Unable to accept connections on socket, when creating sockets on remote node via RPC in Erlang


I am struggling to identify the reason for gen_tcp:accept always returning an {error, closed} response.

Essentially, I have a supervisor that creates a listening socket:

gen_tcp:listen(8081, [binary, {packet, 0}, {active, false}, {reuseaddr, true}]),

This socket is then passed to a child, which is an implementation of the gen_server behaviour. The child then accepts connections on the socket.

accept(ListeningSocket, {ok, Socket}) ->                                   
    spawn(fun() -> loop(Socket) end),                                      
    accept(ListeningSocket);
accept(_ListeningSocket, {error, Error}) ->
    io:format("Unable to listen on socket: ~p.~n", [Error]),
    gen_server:call(self(), stop).

accept(ListeningSocket) ->                                                 
    accept(ListeningSocket, gen_tcp:accept(ListeningSocket)).                                                                                             

loop(Socket) ->                                                            
    case gen_tcp:recv(Socket, 0) of                                        
        {ok, Data} ->                                                      
            io:format("~p~n", [Data]),                                     
            process_request(Data),                                         
            gen_tcp:send(Socket, Data),                                    
            loop(Socket);                                                  
        {error, closed} -> ok                                              
   end.

I load the supervisor and gen_server BEAM binaries locally, and load them on a another node (which runs on the same machine) via an RPC call to code:load_binary. Next, I execute the supervisor via an RPC call, which in turn starts the server.{error, closed} is always returned by gen_tcp:accept in this scenario.

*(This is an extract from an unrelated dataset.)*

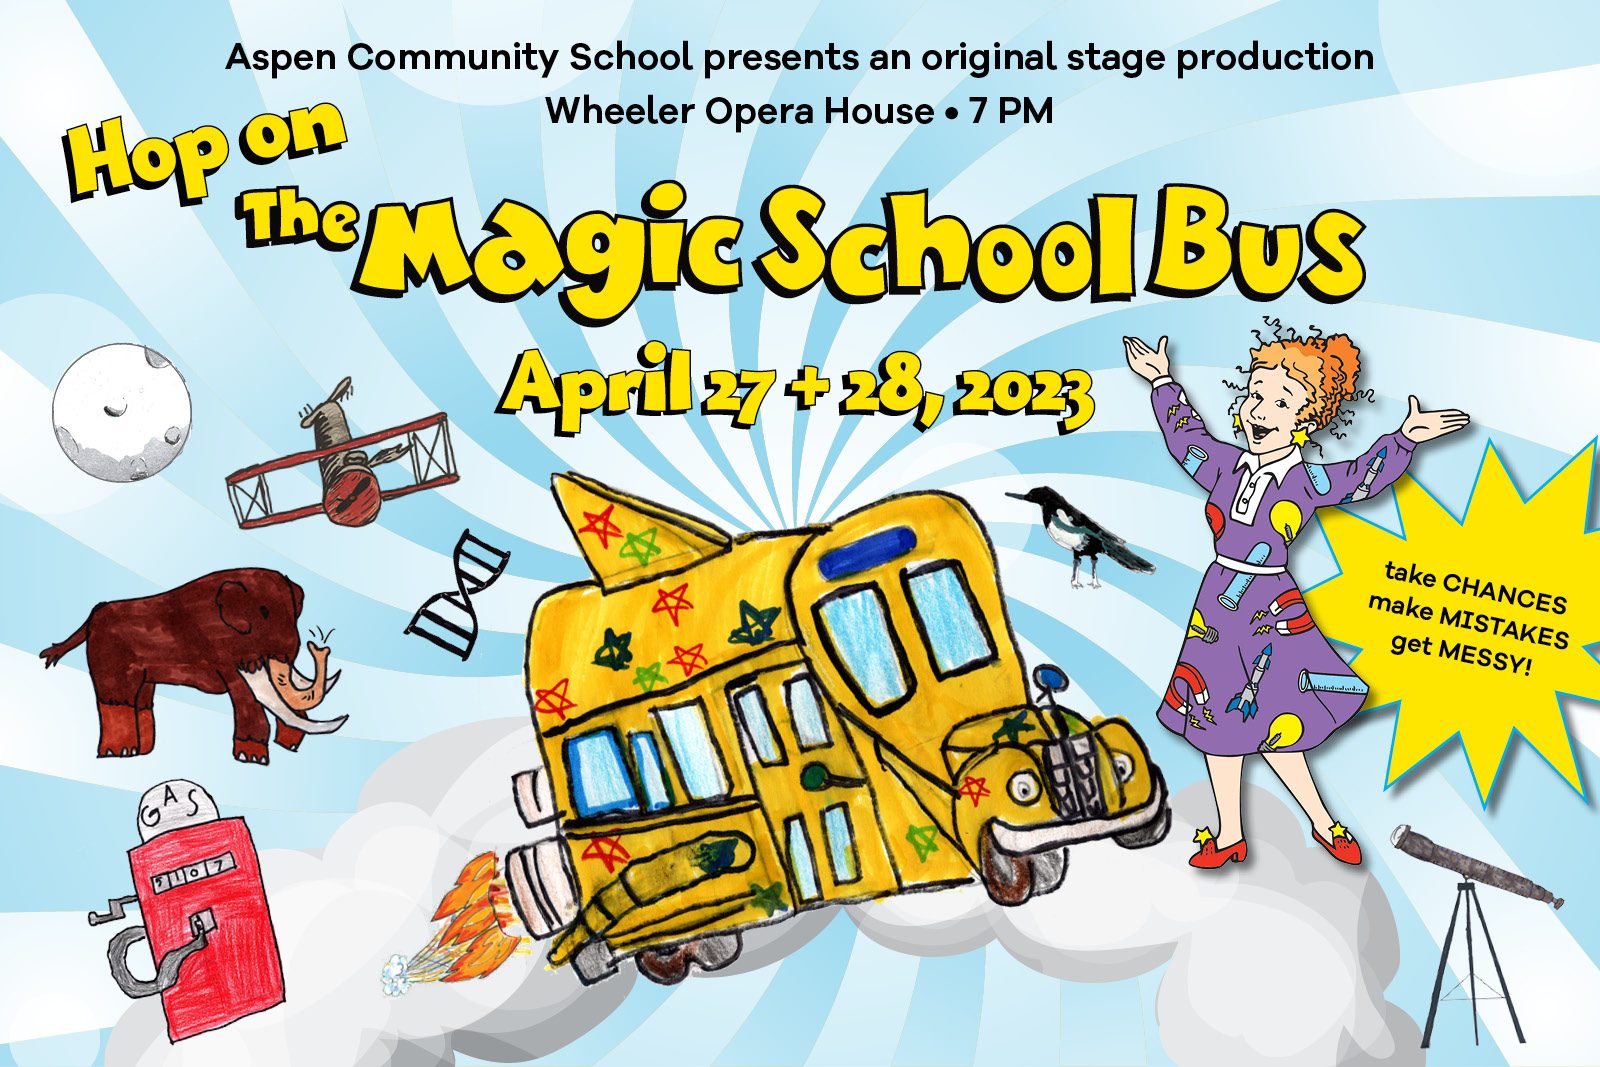 Aspen Community School presents Hop on the Magic School Bus April 27-28

Should I run the supervisor and server while logged in to a node shell, then the server can accept connections without issue. This includes 'remsh' to the remote node that would fail to accept connections, had I previously RPCed it to start the server unsuccessfully.

I seem to be able to replicate the issue by using the shell alone:

[Terminal 1]: erl -sname node -setcookie abc -distributed -noshell

[Terminal 2]: erl -sname rpc -setcookie abc:

              net_adm:ping('node@verne').
              {ok, ListeningSocket} = rpc:call('node@verne', gen_tcp, listen, [8081, [binary, {packet, 0}, {active, true}, {reuseaddr, true}]]).
              rpc:call('node@verne', gen_tcp, accept, [ListeningSocket]).

The response to the final RPC is {error, closed}.

Could this be something to do with socket/port ownership?

In case it is of help, there are no clients waiting to connect, and I don't set timeouts anywhere.


Solution

  • Each rpc:call starts a new process on the target node to handle the request. In your final example, your first call creates a listen socket within such a process, and when that process dies at the end of the rpc call, the socket is closed. Your second rpc call to attempt an accept therefore fails due to the already-closed listen socket.

    Your design seems unusual in several ways. For example, it's not normal to have supervisors opening sockets. You also say the child is a gen_server yet you show a manual recv loop, which if run within a gen_server would block it. You might instead explain what you're trying to accomplish and request help on coming up with a design to meet your goals.